Cequence Energy Ltd. ("Cequence" or the "Company") (TSX: CQE) is pleased to announce its operating and financial results for the three month period ended March 31, 2017. The Company's Consolidated Financial Statements and Management's Discussion and Analysis are available at cequence-energy.com and on SEDAR at www.sedar.com.
First quarter Company highlights include:
Funds flow used in operations for the first quarter was $7.3 million which reflects the improved crude oil and natural gas prices in the first quarter of 2017 and the benefit of the Company's lower cost structure. Realized sales prices (including hedging) increased 39 percent from the comparative period in 2016. Comprehensive income for the quarter ended March 31, 2017 was $5.3 million compared to a loss of $5.9 million in 2016. The Company recorded an unrealized hedging gain in the quarter of $5.5 million as forward natural gas prices declined from December 31, 2016.
Capital expenditures, net of dispositions, were $15.0 million in the first quarter and relate primarily to the completion of the Company's winter drilling program of 4.0 gross (3.0 net) wells at Simonette.
The Company has $71.9 million in net debt at March 31, 2017 which is comprised of $60 million in senior notes carrying a five year term (October 2018) and a working capital deficiency of $11.9 million. The Company's senior credit facility of $20 million was undrawn at March 31, 2017. The Company's scheduled bank review is scheduled to be completed by the end of May 2017. Cequence has hedged approximately 50 percent of 2017 production net of royalties and will continue to actively hedge production to protect future cash flows and balance sheet.
Average production in the first quarter of 2017 of 9,101 boe/d was up 6 percent from the fourth quarter of 2016 while oil production increased by 341 bbl/d over the same period. The production increase was primarily associated with the previously announced two gross (50% WI) Dunvegan oil wells which were brought on stream in January of 2017. These wells continue their strong performance with March oil production rates of 296 bbls/d and 574 bbls/d gross with corresponding solution gas rates of 2.2 and 2.7 MMcf/d respectively. The solution gas is collected and routed into the 50% owned Cequence gas gathering and processing system. As break up road conditions set in, these wells were shut-in around the middle of April. Cequence is working on longer term tie-in scenarios to reduce truck out restrictions for the Dunvegan wells.
A total of 24 potential net Dunvegan oil locations have been identified on Cequence lands. (1)
Operating costs for the quarter were $8.28/boe down 16% from the same period of 2016 while the operating netback improved by $10.32/boe to $12.40/boe. Although fluid hauling costs increased with the Dunvegan oil production, the sustainable cost reduction initiatives established through 2016 continue to be realized.
Montney Operations Update
The Company's recent West Simonette Montney wells at 8-36-61-1W6 and 16-25-61-1W6 have encountered a higher liquids rich section of the Simonette area then the historical Cequence programs.
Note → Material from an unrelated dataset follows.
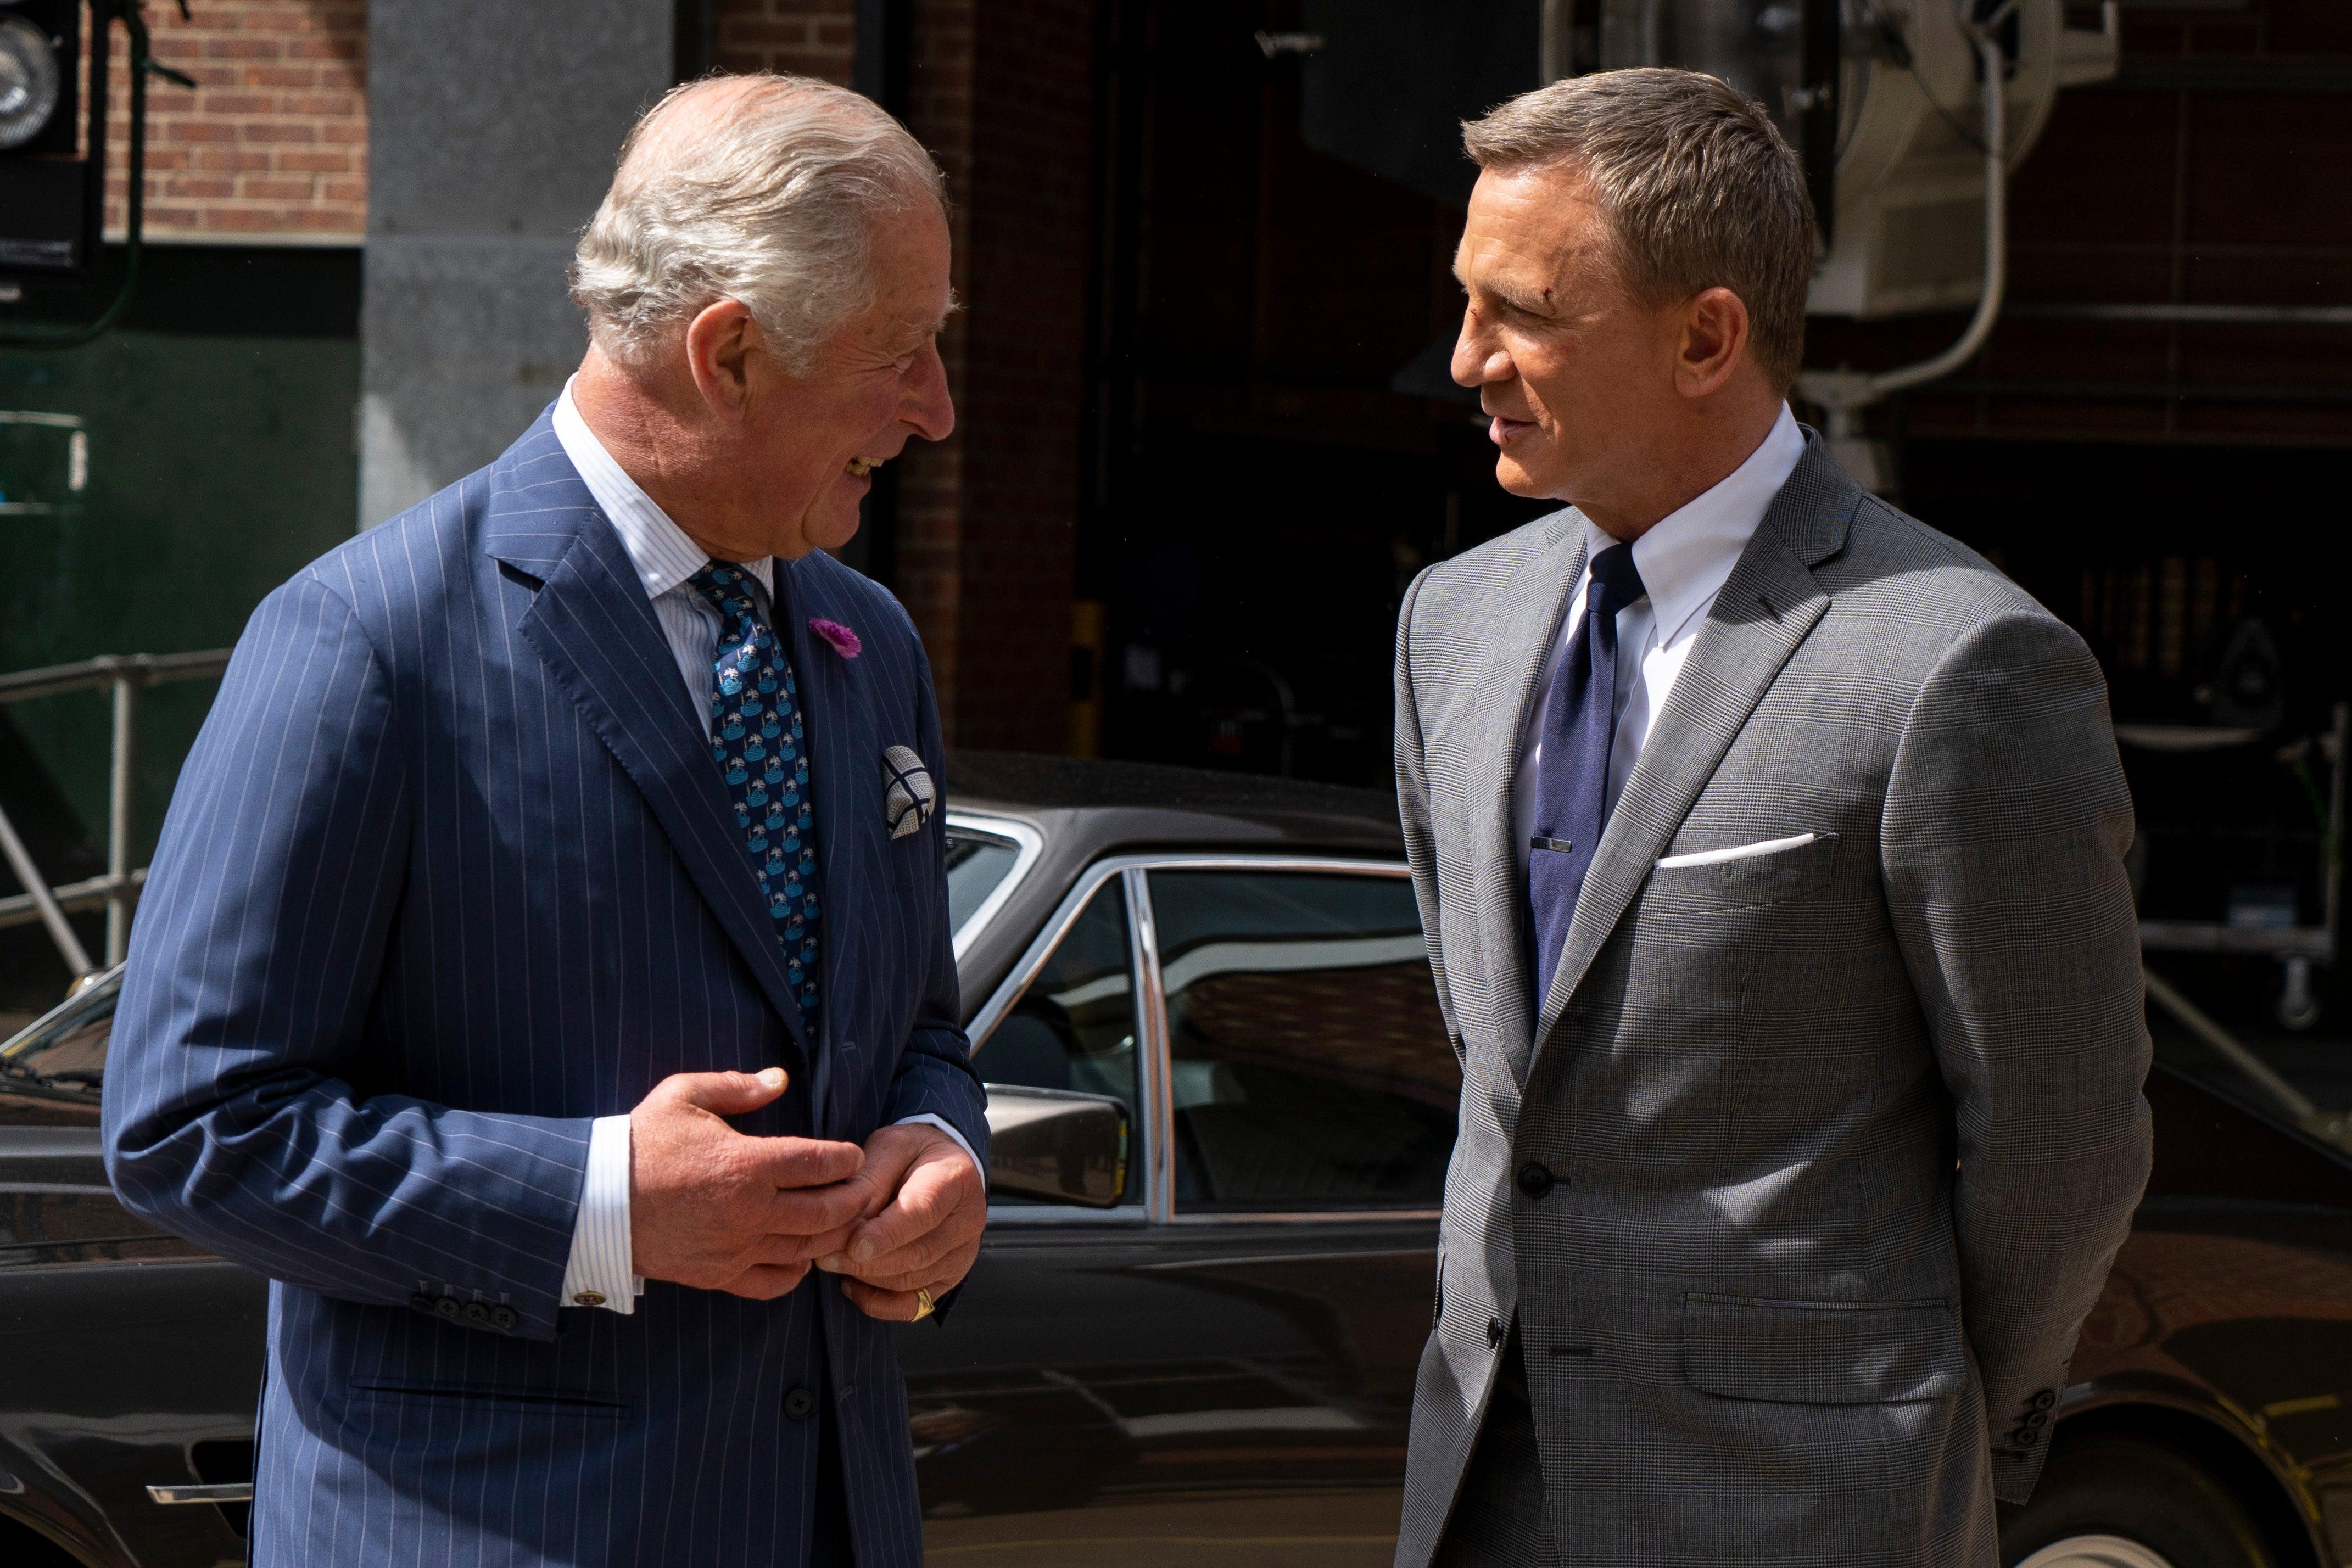 Princ Charles a Daniel Craig při natáčení v Anglii, červen 2019 Autor: Niklas Halle'n - WPA Pool/Getty Images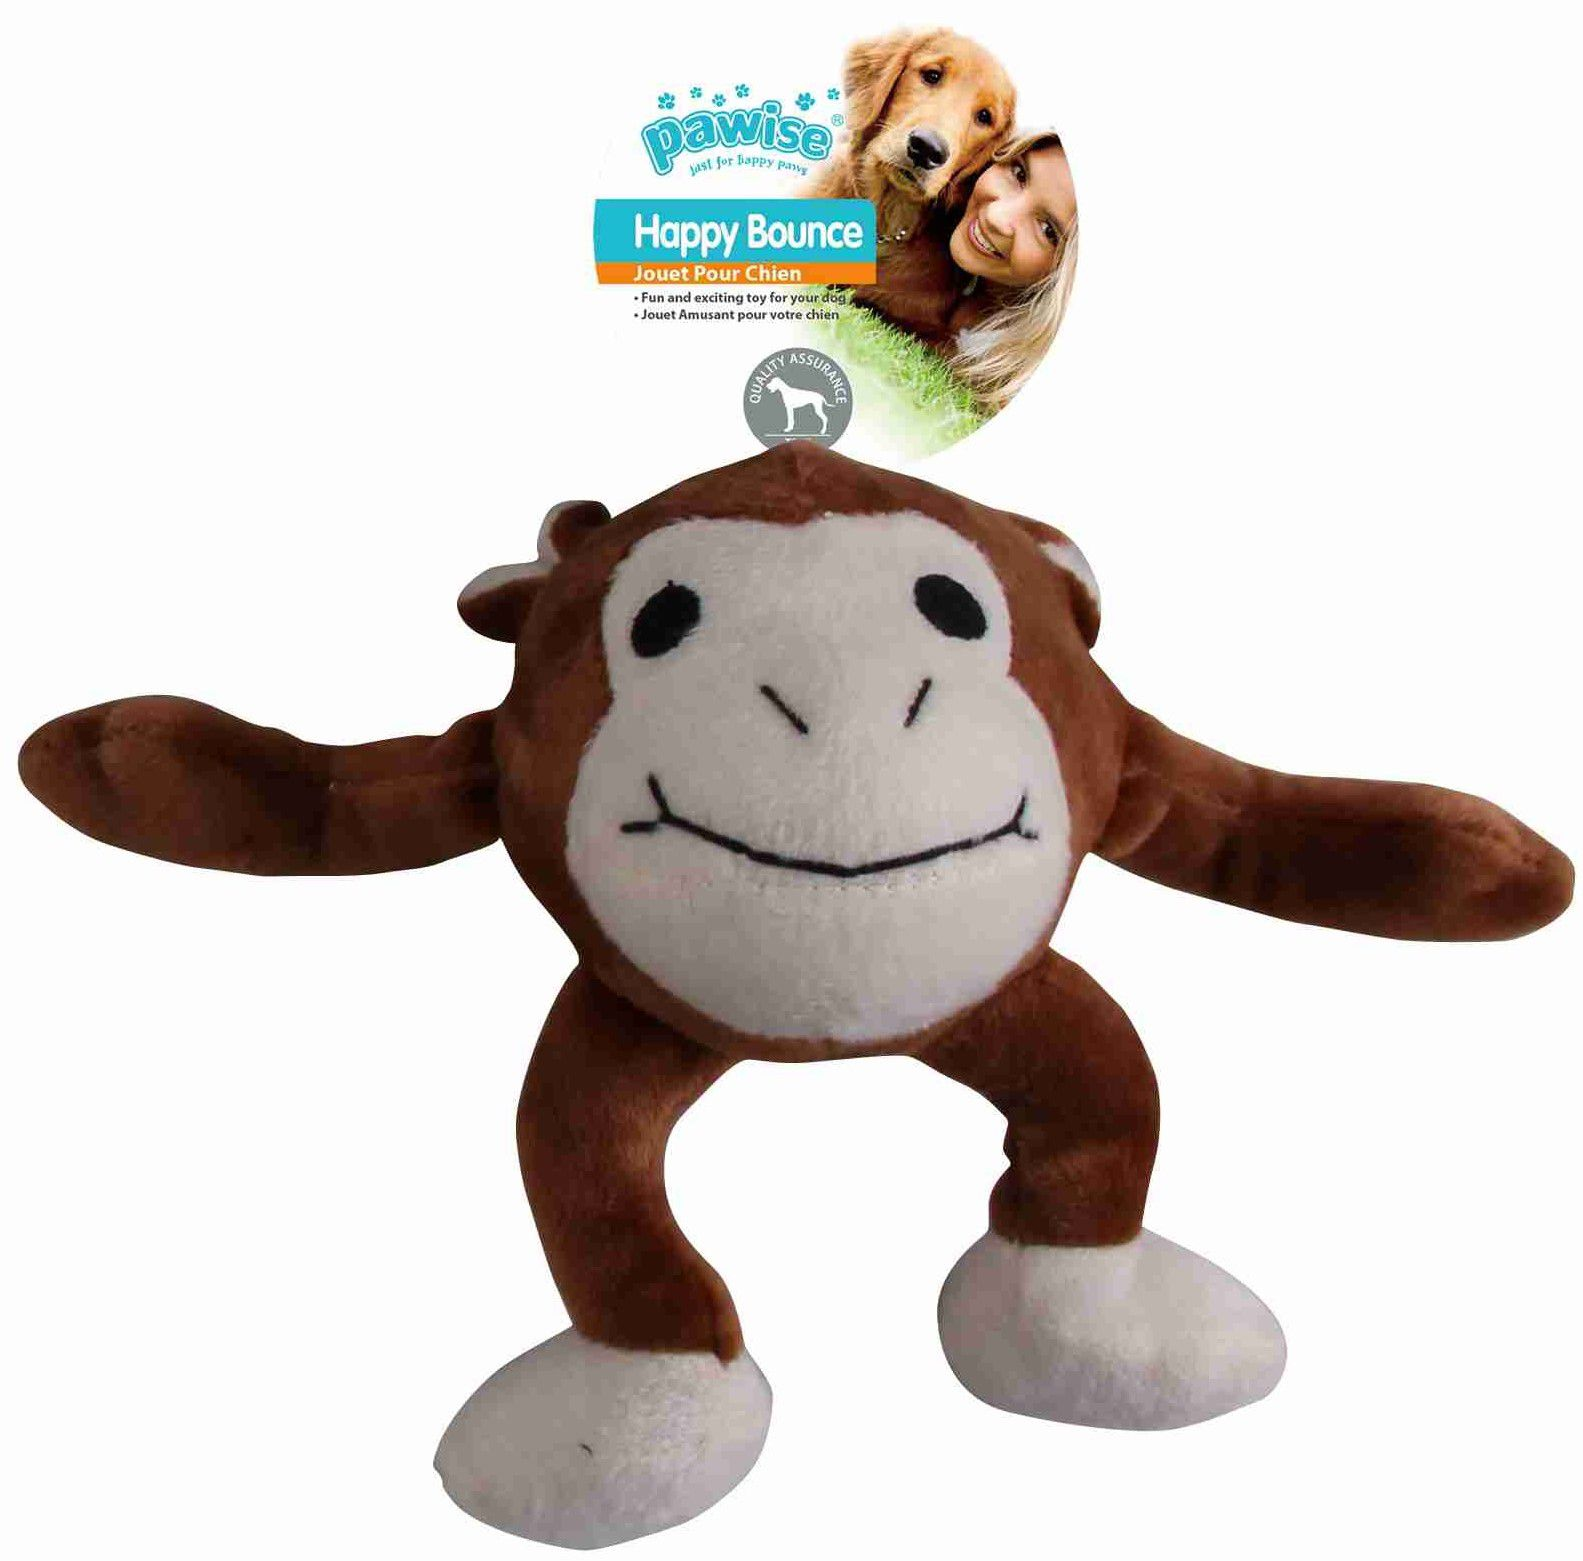 Brinquedo de pelúcia bola saltitante Macaco G Pawise

The production rates for the first 30 operating days averaged 892 boe/d (36% condensate) and 804 boe/d (35% condensate), respectively, compared to historical Cequence Montney wells of 12-20% condensate. Early in flow back, condensate to gas ratio was 150 bbls/MMcf and have since stabilized to between 80 and 90 bbls/MMcf. These wells were drilled at an average lateral length of approximately 2,850 meters and utilized an average of 82 frac stages and 1.2 tonnes proppant per meter of lateral. The higher liquids ratio observed during the first 30 days of production is estimated to double the operating netback of the new wells compared to historical average Cequence Montney wells under the same commodity price.
Spring break up conditions initially hampered the start and clean up of the wells but both wells have been producing continuously since early April.
The Company provided guidance for the first half of 2017 in November 2016 which has been revised to include the results of the first quarter and of the winter drilling program that consisted of two Montney wells and one net Dunvegan well at Simonette. The revised guidance is within the expectations set out in the November guidance, including for production, funds flow and net debt. Capital expenditures are $2 million higher due to some additional minor projects in the quarter and some operations that were completed in break up conditions.
The annual capital expenditure program of $29 million has been planned to approximate expected annual funds flow. Two net Dunvegan wells are expected to be drilled in early winter with production coming on late 2017.
While spending within cash flow, 2017 production volumes are expected to increase approximately 4 percent from 2016 to average between 9,000 to 9,200 boe/d. The Company may adjust its capital expenditure program should commodity prices increase or decrease significantly.
The Company expects recent improvement to operating and general and administrative costs to continue throughout 2017. Based on forecasted commodity prices of US$ 50/bbl WTI and CDN$ 2.75/GJ natural gas, Cequence expects funds flow from operations of $28 to 29 million.
Cequence is a publicly traded Canadian energy company involved in the acquisition, exploitation, exploration, development and production of natural gas and crude oil in western Canada. Further information about Cequence may be found in its continuous disclosure documents filed with Canadian securities regulators at www.sedar.com.